Work required » Looking at the data, count the lines where the word "Sleeve" occurs and answer with only the number.

═════ Supplied data

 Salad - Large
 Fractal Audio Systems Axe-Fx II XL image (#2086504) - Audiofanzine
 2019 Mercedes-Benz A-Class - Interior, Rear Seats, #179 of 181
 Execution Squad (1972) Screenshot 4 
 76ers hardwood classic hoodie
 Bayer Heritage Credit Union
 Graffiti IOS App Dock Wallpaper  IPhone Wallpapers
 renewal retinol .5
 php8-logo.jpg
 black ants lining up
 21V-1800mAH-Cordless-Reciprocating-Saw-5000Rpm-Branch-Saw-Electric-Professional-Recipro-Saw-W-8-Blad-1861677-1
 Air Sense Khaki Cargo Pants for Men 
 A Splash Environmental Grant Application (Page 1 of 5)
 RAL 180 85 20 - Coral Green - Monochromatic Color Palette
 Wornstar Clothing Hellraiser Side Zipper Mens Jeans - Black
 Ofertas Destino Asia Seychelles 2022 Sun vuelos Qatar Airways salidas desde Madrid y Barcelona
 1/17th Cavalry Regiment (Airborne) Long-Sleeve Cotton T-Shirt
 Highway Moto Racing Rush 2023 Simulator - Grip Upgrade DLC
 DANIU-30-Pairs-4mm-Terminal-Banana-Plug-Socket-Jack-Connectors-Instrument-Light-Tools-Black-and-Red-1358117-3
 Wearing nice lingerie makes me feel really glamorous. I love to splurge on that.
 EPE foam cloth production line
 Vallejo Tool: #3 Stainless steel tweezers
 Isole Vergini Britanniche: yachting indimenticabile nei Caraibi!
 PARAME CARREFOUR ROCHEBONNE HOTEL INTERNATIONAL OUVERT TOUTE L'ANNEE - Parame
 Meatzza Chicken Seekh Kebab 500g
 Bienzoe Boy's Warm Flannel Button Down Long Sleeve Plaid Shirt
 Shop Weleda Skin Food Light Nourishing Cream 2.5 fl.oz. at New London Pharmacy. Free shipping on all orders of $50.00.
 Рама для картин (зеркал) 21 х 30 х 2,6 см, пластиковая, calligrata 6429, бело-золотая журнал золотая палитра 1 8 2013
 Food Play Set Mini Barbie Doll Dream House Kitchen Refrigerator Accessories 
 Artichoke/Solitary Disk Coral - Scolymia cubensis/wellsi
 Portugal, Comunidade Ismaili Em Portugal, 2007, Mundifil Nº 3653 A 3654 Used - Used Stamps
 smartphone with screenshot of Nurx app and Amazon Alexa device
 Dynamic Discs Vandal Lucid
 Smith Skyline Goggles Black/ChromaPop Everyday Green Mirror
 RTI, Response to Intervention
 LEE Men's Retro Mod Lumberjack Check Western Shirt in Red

══════════

Answer box » 2